Supreme Court overturns union-fees precedent
A divided Supreme Court said on Wednesday that public-sector employees who don’t belong to unions can’t be forced to pay union contract-negotiating fees.
In Janus v. American Federation, Justice Samuel Alito said that “states and public-sector unions may no longer extract agency fees from nonconsenting employees.” Non-union members are required to pay agency fees in public workplaces to cover contract negotiation costs.
“The First Amendment is violated when money is taken from nonconsenting employees for a public-sector union; employees must choose to support the union before anything is taken from them,” Alito said. “Accordingly, neither an agency fee nor any other form of payment to a public-sector union may be deducted from an employee, nor may any other attempt be made to collect such a payment, unless the employee affirmatively consents to pay.”

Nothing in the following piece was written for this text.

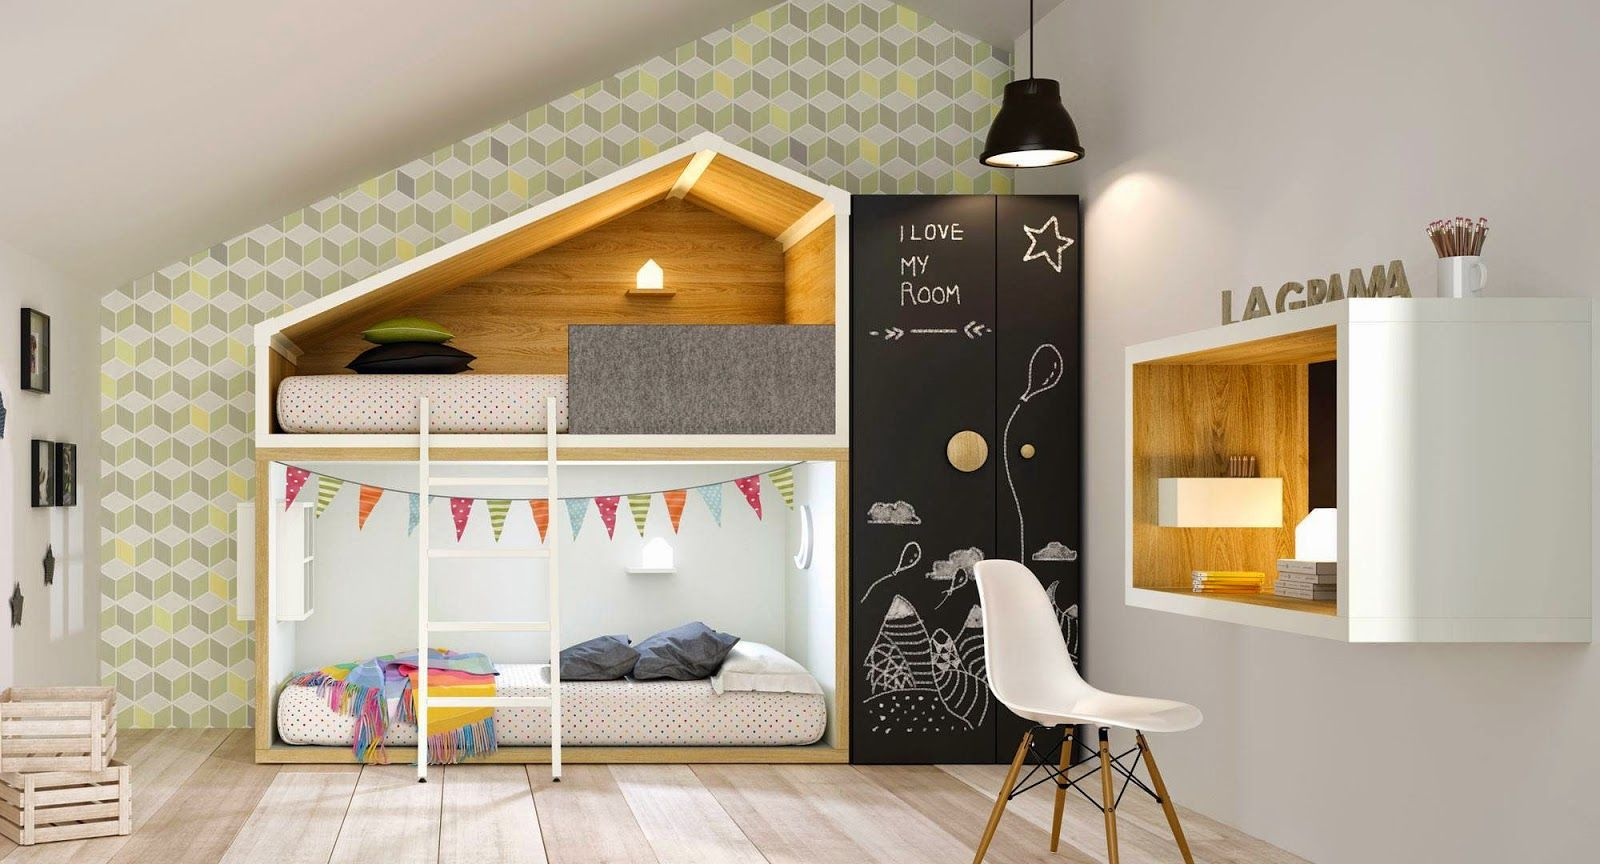 Infantiles poco espacio elegant habitacion ideas para for Muebles poco espacio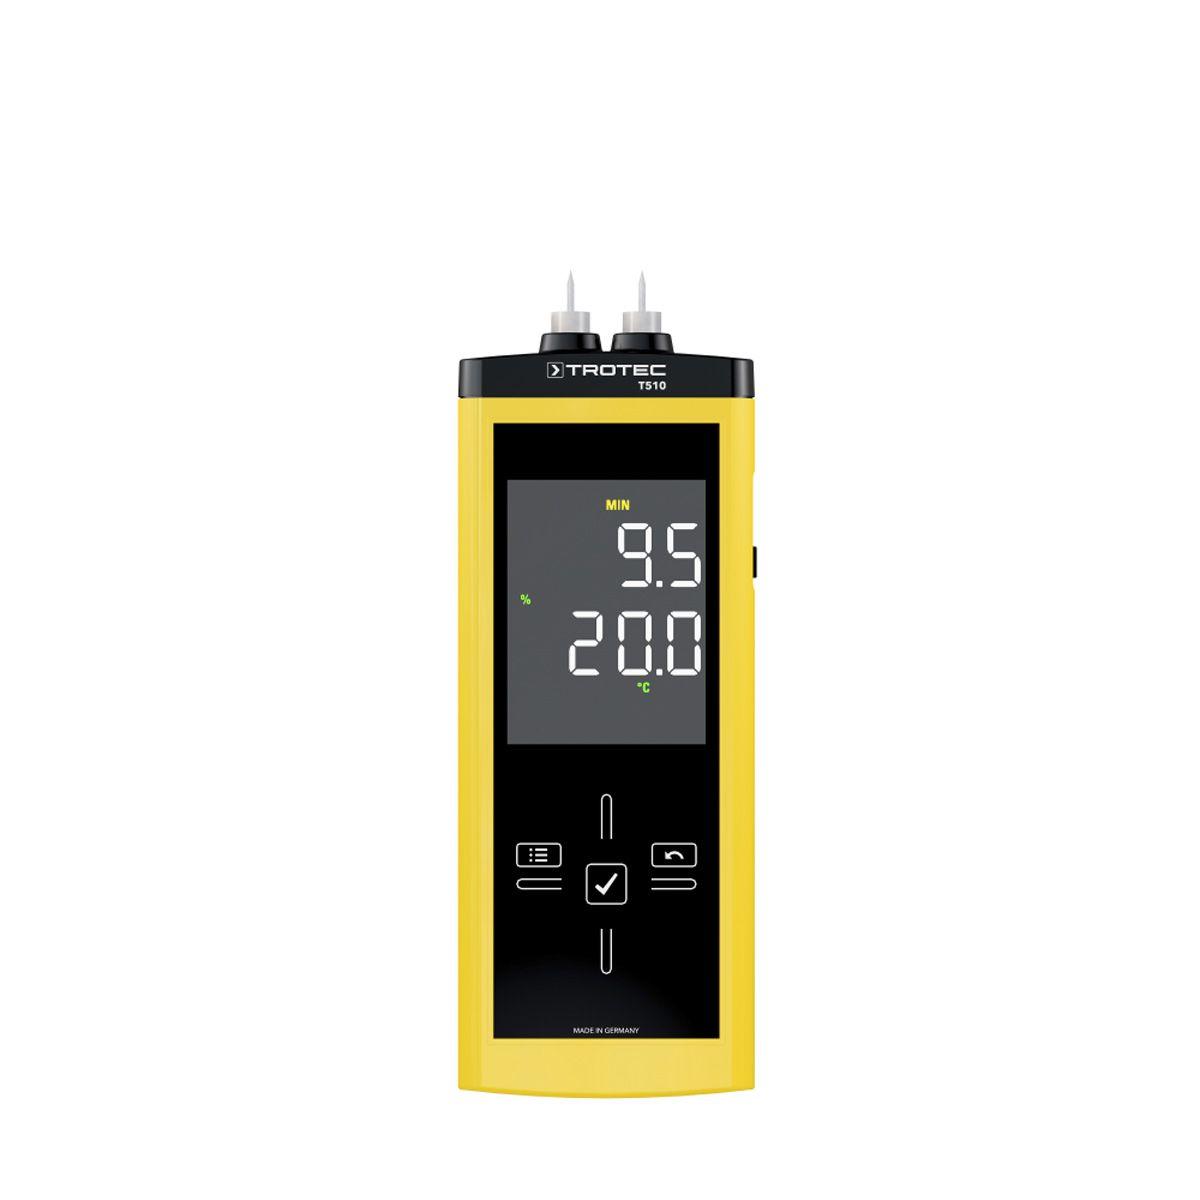 Feuchtemessgerät, T510, gelb/schwarz, 0-100 Digit, 0-100 % r.F.

In 1977, the Court said unions could charge such fees. In Abood v. Detroit Board of Education, Justice Potter Stewart said that public-sector workers could be compelled to "support legitimate, non-ideological, union activities germane to collective-bargaining representation.” The Abood Court said that a state could balance managing its employees and labor interests to avoid “free rider” situations where non-union workers benefited from a union’s advocacy for pay raises and other benefits without paying for the negotiation process.
The Court’s decision today effectively overturns the Abood decision.
The Janus case was about the Illinois Public Labor Relations Act, which requires all employees working at a public agency or public organization to pay a fee for unions to negotiate contracts, even if some employees don’t belong to unions. To union officials, any decision overturning Abood was seen as a direct threat to the existence of public unions. Abood’s opponents viewed it as an unconstitutional restraint on free speech and association.
In their dissent, the Court’s liberal Justices criticized the majority decision. “Today, the Court succeeds in its 6-year campaign to reverse Abood,” said Justice Elena Kagan. “Its decision will have large-scale consequences. Public employee unions will lose a secure source of financial support. State and local governments that thought fair-share provisions furthered their interests will need to find new ways of managing their workforces. Across the country, the relationships of public employees and employers will alter in both predictable and wholly unexpected ways.”